Professor: Marek A. Perkowski, Electrical Engineering.

EE 479/579 Intelligent Robotics II (4).

CATALOG DATA - take from PSU catalog.

TEXTBOOKS:

The same textbooks as in last quarter for EE 478.
Philip John McKerrow, "Introduction to Robotics," Addison-Wesley Publishing Company, 1991.
Perkowski, slides and lecture notes, additional materials for projects.

COORDINATOR:

Marek A. Perkowski, Professor EE.

GOALS:

The course introduces techniques of image processing, computer vision, and planning that are used in robotics.
Combining ideas from computer architecture and AI is emphasized in projects and applications.
Students learn mobile robots, control, interfacing, planning, and using of various kinds of sensors.
Understanding of software/hardware tradeoffs is emphasized in a comprehensive group design project that includes both these components.
Students completing this course have a working knowledge of several advanced and applied concepts of intelligent robotics and are prepared to understand recent research and development results in this area.

PREREQUISITES BY TOPIC:

EE 478/578, or consent of the instructor.

TOPICS IN CATALOG:


1. Sensors. Computer vision hardware.

2. Low-level image processing; filtering, thinning, edge-detection, morphological processors, region growing.
Hardware and software.

3. Medium-level image processing; image transforms, image matching. Hardware and software.

4. Robotic computer vision, use of AI techniques.  Hardware and software.

5. Mobile robots ; guidance systems, path planning, collision avoidance. Use of reasoning and learning.

6. Task planning, robot languages. 

7. Robot programming.

8. Interfacing.

9. Computer architectures for vision and robotics, available solutions and components. Recent research.

10. Robots in health care. 

11. Robots in manufacturing. Manufacturing inspection and integrated systems. Combinatorial problems.

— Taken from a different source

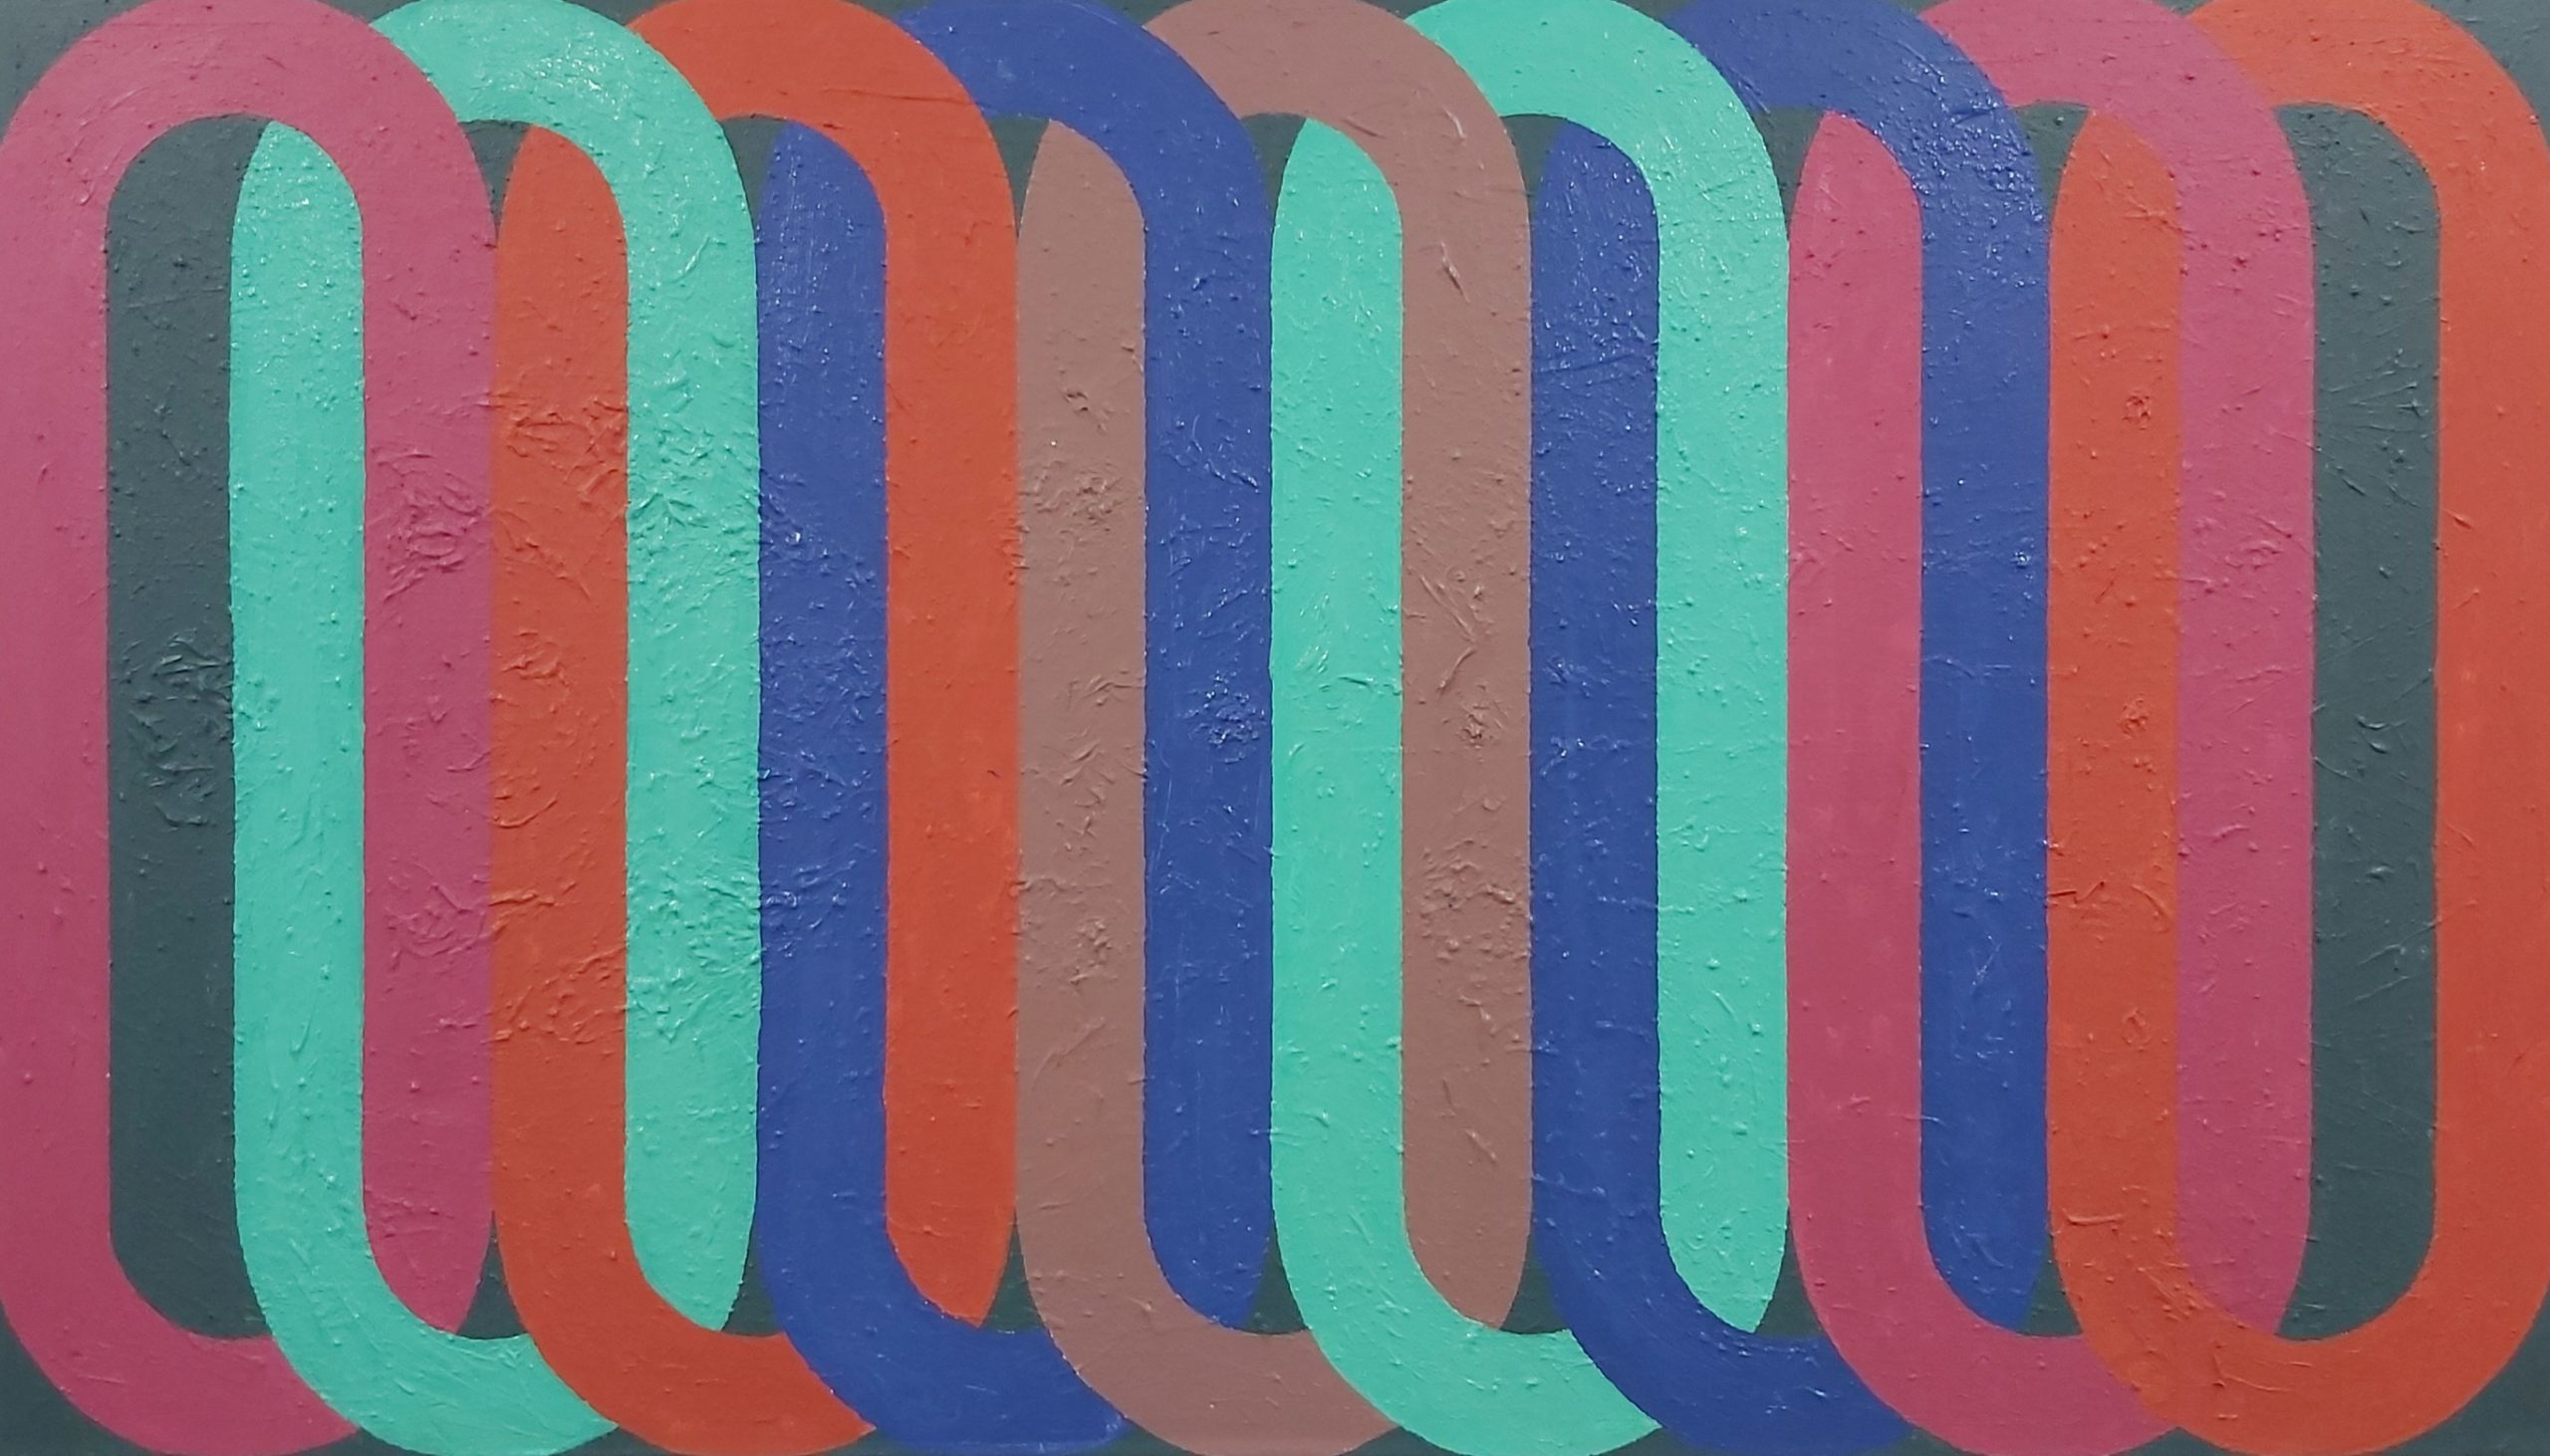 La Source 2019 Acrylic on Canvas 91.5 x160.5 cm

12. Discussion of projects and assignments. System integration.

LAB PROJECTS:

The projects vary from year to year and include: designing and testing specialized computer architectures using Field Programmable Gate Arrays or microcontrollers, writing image processing, path planning, movement/sensor controlling programs, sensor integration. The programs include: image processing, path planning, obstacle avoidance, movement planning, sensor integration. The design projects include specialized computers for solving logic problems, image matching, convolvers, sonar controller, stepper motor controller.

COMPUTER USAGE:

Students use the departmental network of Sun workstations and PC-based computers to solve various problems. Several projects are also related to PSUBOT - a PC-based wheelchair robot designed in our department.

ESTIMATED CONTENT:

Engineering Science: 2 credits or 50%.
Engineering Design: 2 credits or 50%.

Additional information.

I use also the book from Winter quarter in this class as well as my additional notes are available to students in "Smart Copy". The notes include also all projects and project-related reading materials.
The students have to write programs and essays that are emailed to me on a weekly basis. In addition, students work on a comprehensive group project. This project differs from year to year, and usually takes more than one quarter.
This year there are two groups of projects:
- image processing and computer vision of color camera images for mobile robotics applications.
- machine learning by logic decomposition and composition methods.

Base of the grade:

Homeworks and exams: 30 %
Individual project reports and programming assignments: 30 %
Oral presentation of student's research in class: 20 %
Group projects and written group reports: 20 %

MORE DETAILED INFORMATION.

 Sensors.  Touch sensors, magnetic sensors, optical sensors,
infrared sensors, sonars. Control of sonars.
Complete Sonar-Based Imaging system for PSUBOT (PSU robotic wheelchair)
- hardware and software. 
 Computer vision hardware. 
Cameras. Image grabber, look-up table architecture.
Complete imaging system of PSUBOT.

 Low-level image processing.  
Noise removal techniques, Convolution-based methods, Sobel, Prewitt and other linear
filters, dilation, erosion, 
 morphological operations and filtering.  
Discussion of median filtering. Approaches to thinning lines. Labeling.
Fast algorithms for region growing and manipulation.
Methods for edge detection. Hierarchical approaches, hardware realizations.
Programming assignments in C. Integration of tools. Application-related exercises.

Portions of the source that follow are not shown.